Люлинг обстоятельно доказывает, что мечеть в Мекке первоначально была церковью Марии и частично сохранила ее облик. Современный свой вид эта мечеть приобрела, пройдя через несколько степеней строительной реконструкции.
Похожее развитие ему удалось проследить и по священной книге ислама. В некоторых строках Корана содержатся сирийские и эфиопские гимны, те, которые распевали ранние христиане. Владычество ангелов, определенный род легенды об Иисусе (еще без смерти на кресте) и незнание учения о триединстве также указывают на раннюю форму христианства, возникшего совсем не тогда и не так, как об этом сообщает нам официальная историческая наука по поводу зарождения Церкви.
Под новым углом зрения рассматривает философ истории Олагуэ (1974), ученик Шпенглера, архитектуру другого знаменитого сооружения — мечети калифа Омейядов Абдуррахмана в Кордове. Знаменитая подковообразная форма арки вовсе не заимствована в Сирии: стилевой элемент этот давно, еще до заселения арабами, был известен на Иберийском полуострове. Более всего Олагуэ поразил «лес колонн» огромной мечети: ведь одно из основных условий приношения молитвы мусульманином — это открытое пространство между ним и имамом. Но в мечети Абдуррахмана это пространство загромождают колонны! Этот молитвенный дом, как убедительно доказывает на основе многих дополнительных аргументов Олагуэ,— не мусульманский, не католический и не иудаистский. Он должен был принадлежать религии, о которой мы не имеем сегодня почти никакого представления. Единственное, что можно предположить: онадолжна была иметь некие сходные с арианством черты. Но что из себя на самом деле представляло арианство нам тоже неизвестно: остается одно лишь наименование.
Я хотел бы следующим образом вкратце обобщить новые тезисы Олагуэ: арабское вторжение в Испанию («якобы состоявшееся в 711 г.») сошло с кончика пера христианских историков, подхвативших и представивших как факт эту сомнительную арабскую легенду. Зачем? Чтобы подготовить почву для католического якобы от-воевания (Реконкисты) Андалусии167. Образцом и источником для этой легенды послужили писания арабских миссионеров ислама XI—XII вв., в которых утверждалось, что непостижимая разумом божественная сила предсказала победоносное шествие ислама.

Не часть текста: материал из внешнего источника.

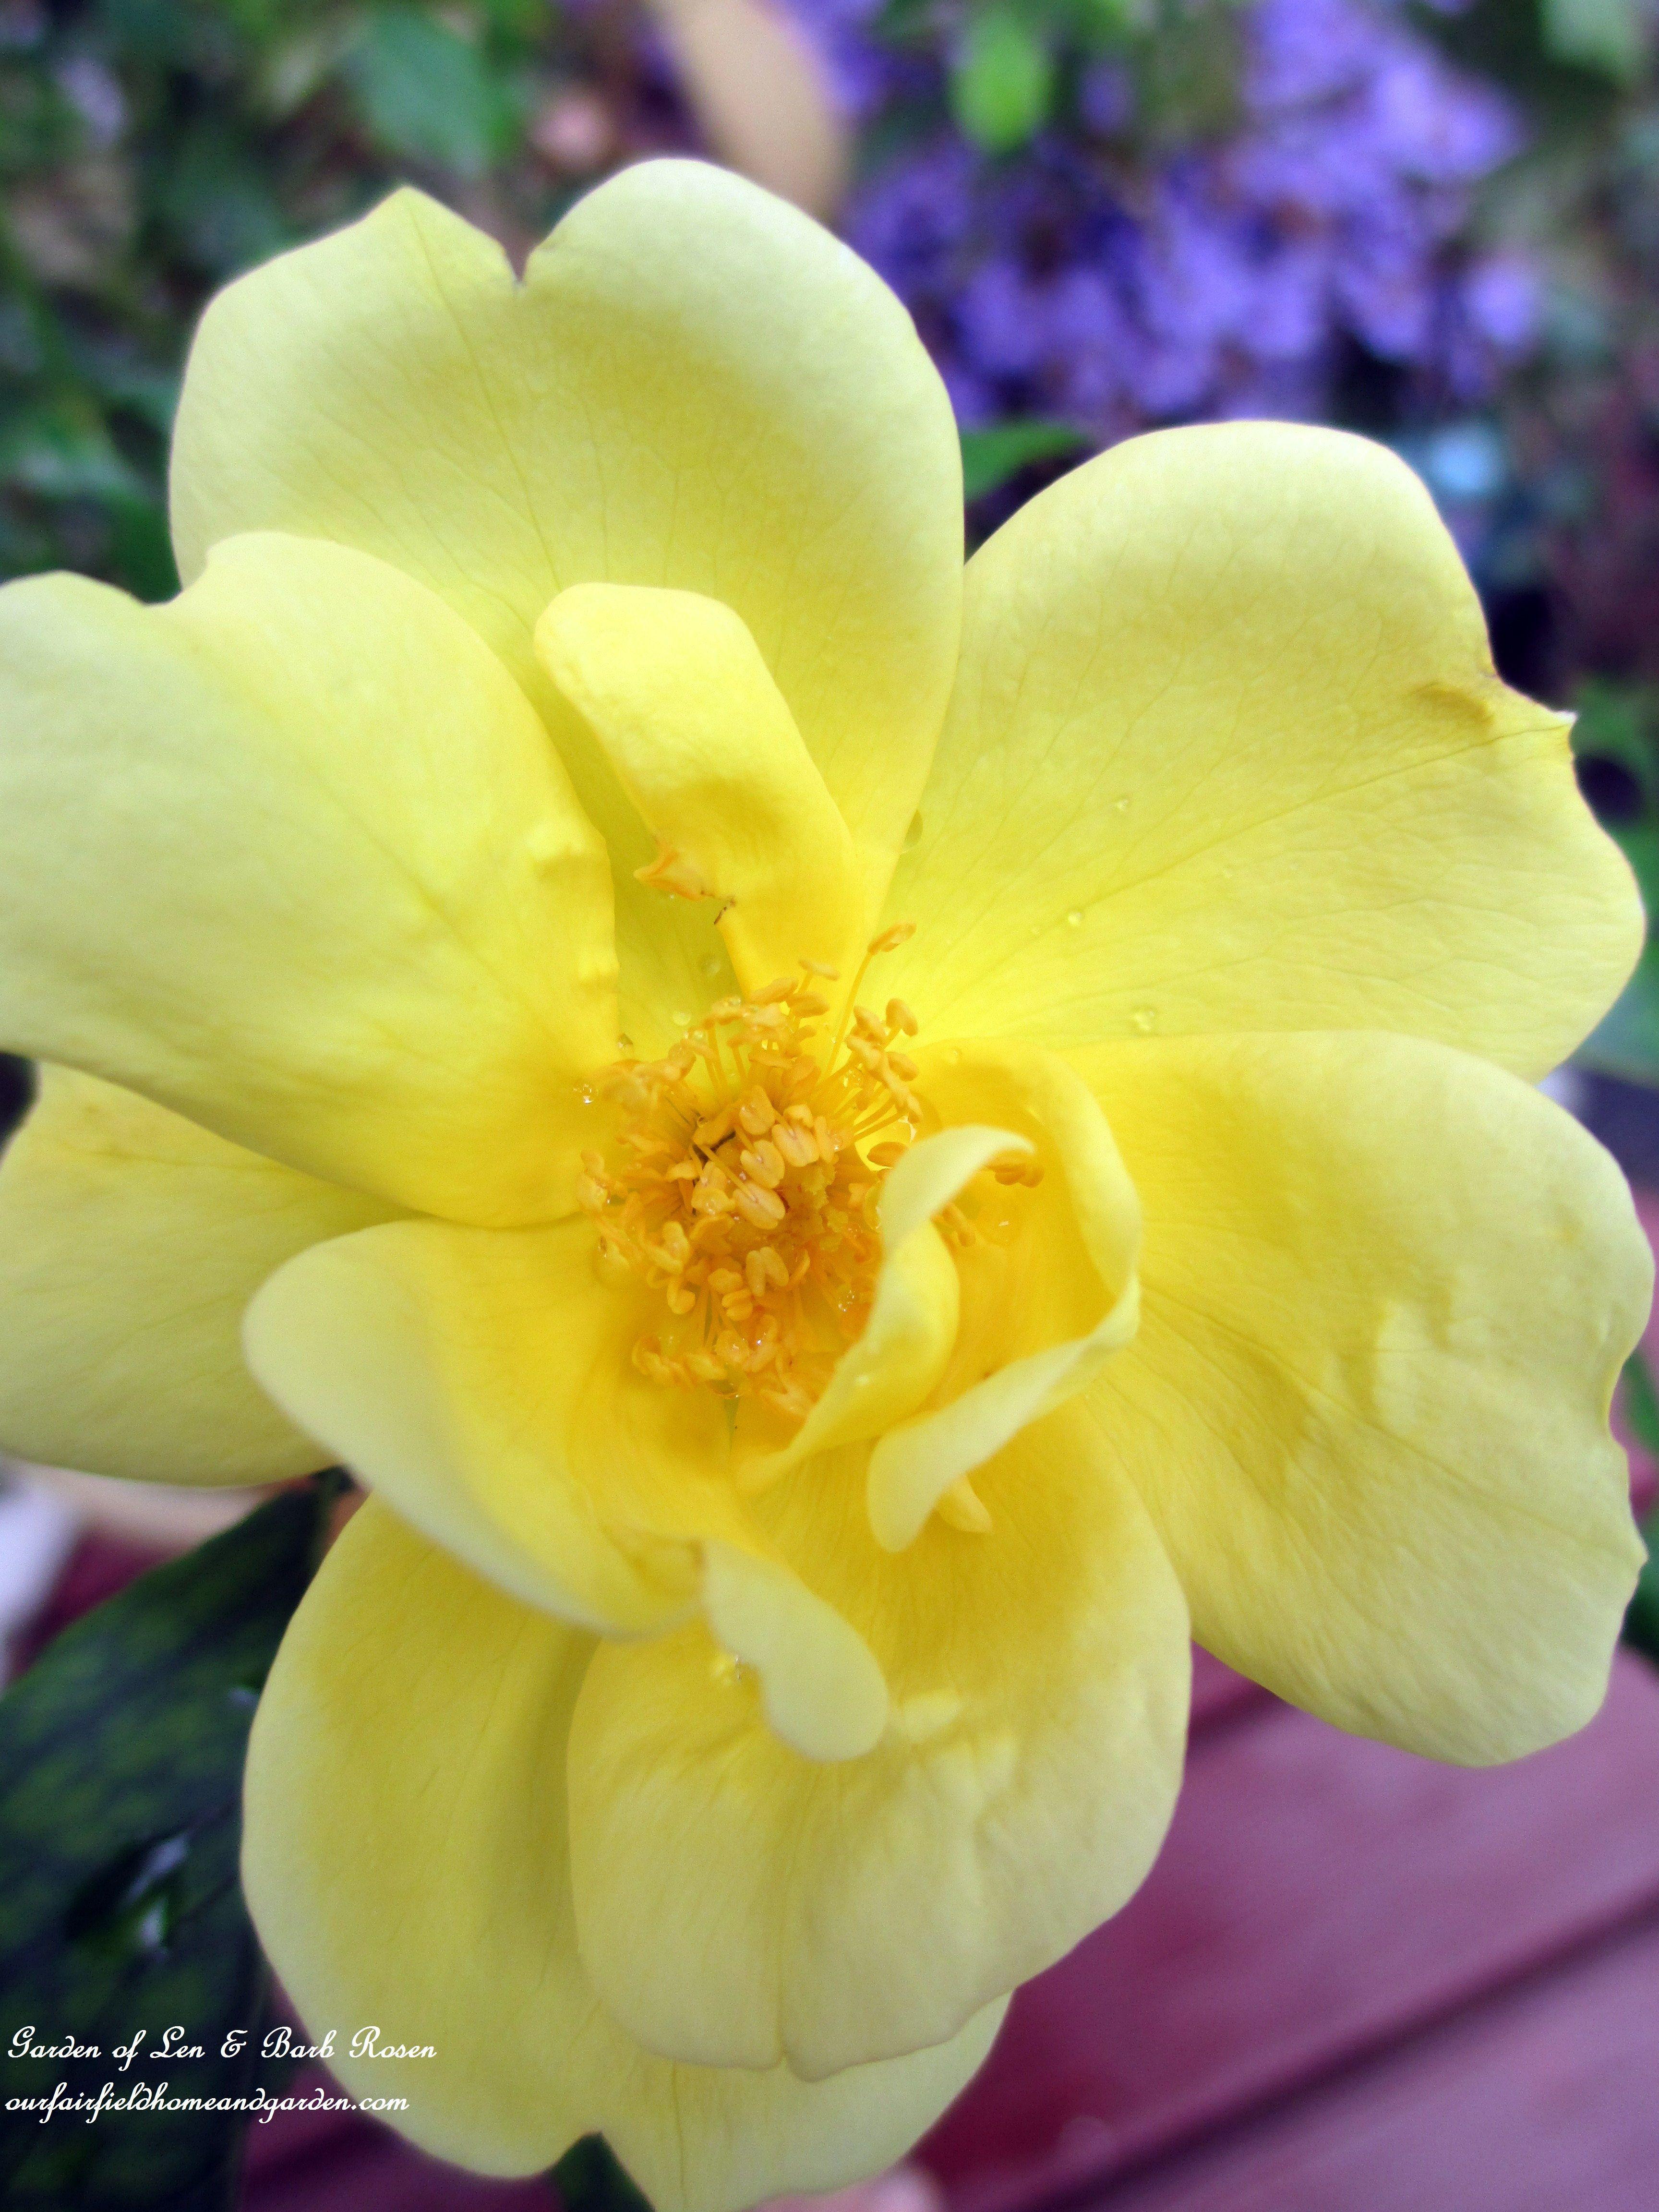 Yellow Knockout Rose (Garden of Len & Barb Rosen) #knockoutrosen Yellow Knockout Rose (Garden of Len & Barb Rosen) #knockoutrosen

Вместе с «исторической индульгенцией» на вторжение в южные области Иберийского полуострова готы получили возможность утолить жажду мести за униженное берберским господством чувство собственного достоинства168. Была выдумана трагическая история о предательстве и женской мести, стоивших короны последнему готскому королю Родериху, и о его героическом племяннике Пелагии, пытавшимся противостоять победителям и наносившим им ответные удары. 781 год спустя история эта, мол, благополучно завершилась завоеванием Гранады.
Ранние хроники, повествующие об исламском завоевании,— это чистой воды легенды и романы, наполненные хорошо известными сказочными мотивами и сюжетами, подобными таковым из «1001 ночи» или из «Истории готов» Прокопия. О калифах там нет никаких данных, кроме имен и явно вымышленных сроков правления (в основном, круглые 25 или 50 лет); если же речь заходит о деталях, то почти всегда это жуткие преступления, от описаний которых буквально волосы встают дыбом.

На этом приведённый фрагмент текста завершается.